# How many Integers can be represent in Double-Precision floating-point form

How to calculate the number of Integers that can be represent in Double-Precision floating-point form?

Just count them.

You need to know the format of a double-precision floating point number. That's technically platform dependent, but practically all platforms these days use the same representation, IEEE-754 binary64. As you might expect from the format's name, that's a 64-bit encoding. It consists of three bit fields:

• sign: 1 bit
• exponent: 11 bits The actual exponent is the stored exponent - 1023 ("the exponent bias") and stored exponents 0 and 2047 (the largest value) are special. None of the values with stored exponent 2047 is an integer; these are either infinity (if the fraction is 0) or different "not a number" (NaN) values, if the fraction is not 0. If the stored exponent is 0, then the value is either 0 (if the fraction is 0) or a "subnormal" number; no subnormal number is an integer. Note that the result is that there are exactly two ways of representing 0, because the sign bit is independent. However, these are considered the same value.
• fraction: 52 bits The fraction has an implicit binary point to its left; the actual significand is the fraction plus 1. (In other words, there is an implicit 1 to the left of the implicit binary point.)

Since the fraction has 52 bits, every valid number whose exponent is at least 52 is an integer. Those numbers have stored exponents between $$1023+52$$ and $$2046$$, inclusive, which is a total of $$972$$ possible exponent values. For each of these, there are $$2^{52}$$ possible positive numbers, all distinct.

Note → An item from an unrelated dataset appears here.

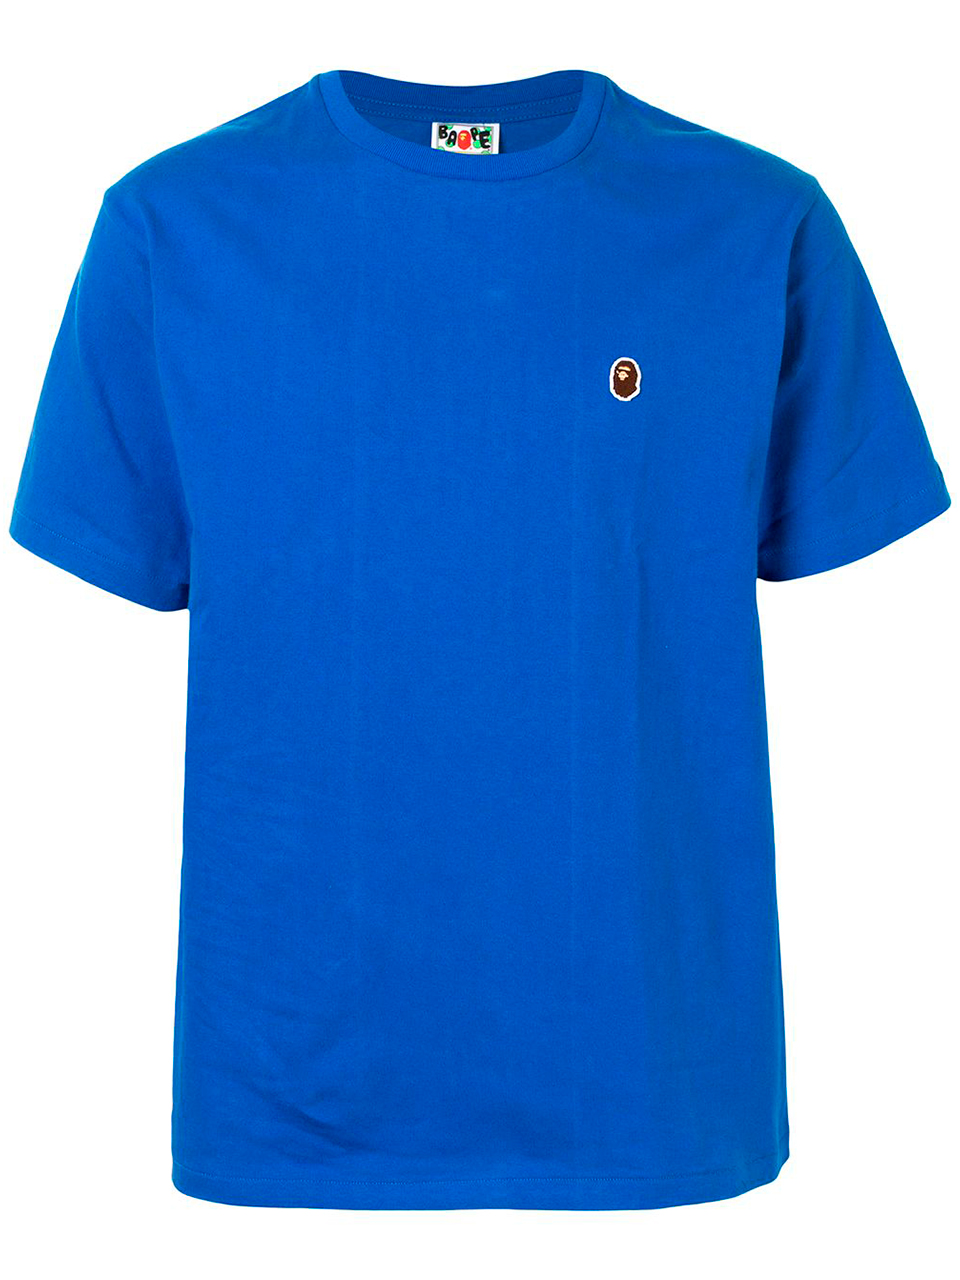 Imagem de: Camiseta BAPE Azul com Logo Pequeno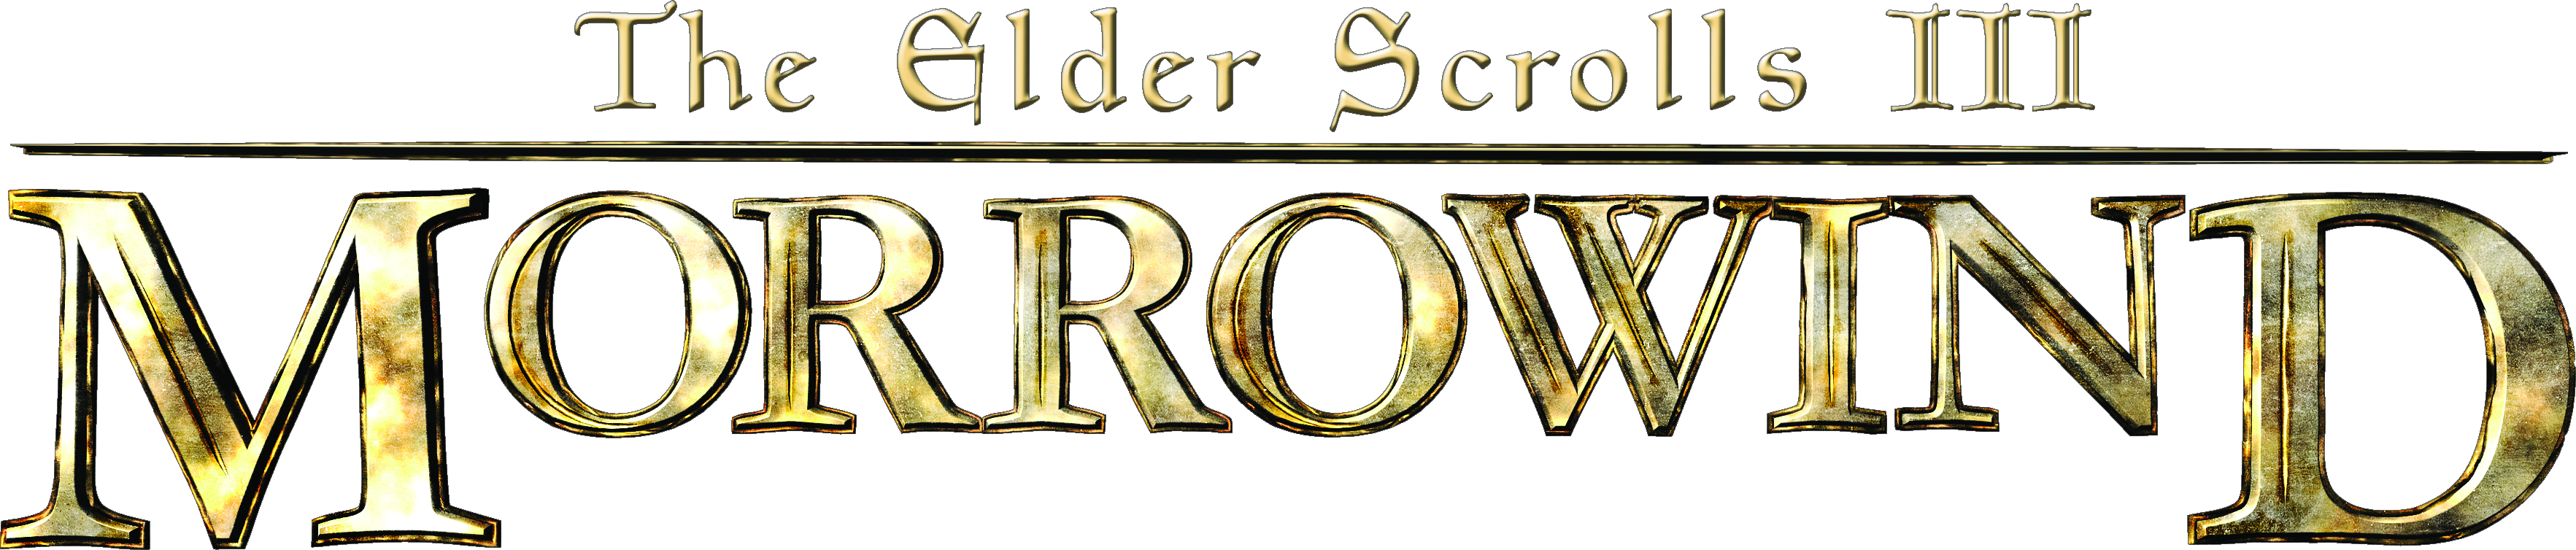 the elder scrolls 3 morrowind

In addition, there is a representation for every integer from $$1$$ to $$2^{52}-1$$. And for every positive integer, the corresponding negative integer can be formed by setting the sign bit to 1.

So, in all, we have $$(972 * 2^{52}) + (2^{52}-1) = 973*2^{52}-1$$ positive integers, the same number of negative integers, and $$0$$.

As rici answered, all large floating-point numbers are indeed integers, plus some small floating-point numbers, that's almost half the floating-point numbers.

But maybe you actually want to know: Which is the largest interval so that all integer values in that interval can be represented exactly as floating-point numbers?

Using the IEEE-754 format, 32 bit floating point numbers have a 23 bit mantissa plus one implicit leading mantissa bit, 64 bit floating point numbers have 52 + 1 bit mantissa, and 80 bit floating point numbers have a 64 bit mantissa.

As a result, all integers $$-2^{24} ≤ i ≤ 2^{24}$$, $$-2^{53} ≤ i ≤ 2^{53}$$ and $$-2^{64} ≤ i ≤ 2^{64}$$, depending on the format, can be represented exactly as floating point numbers; the next integer outside those intervals can't.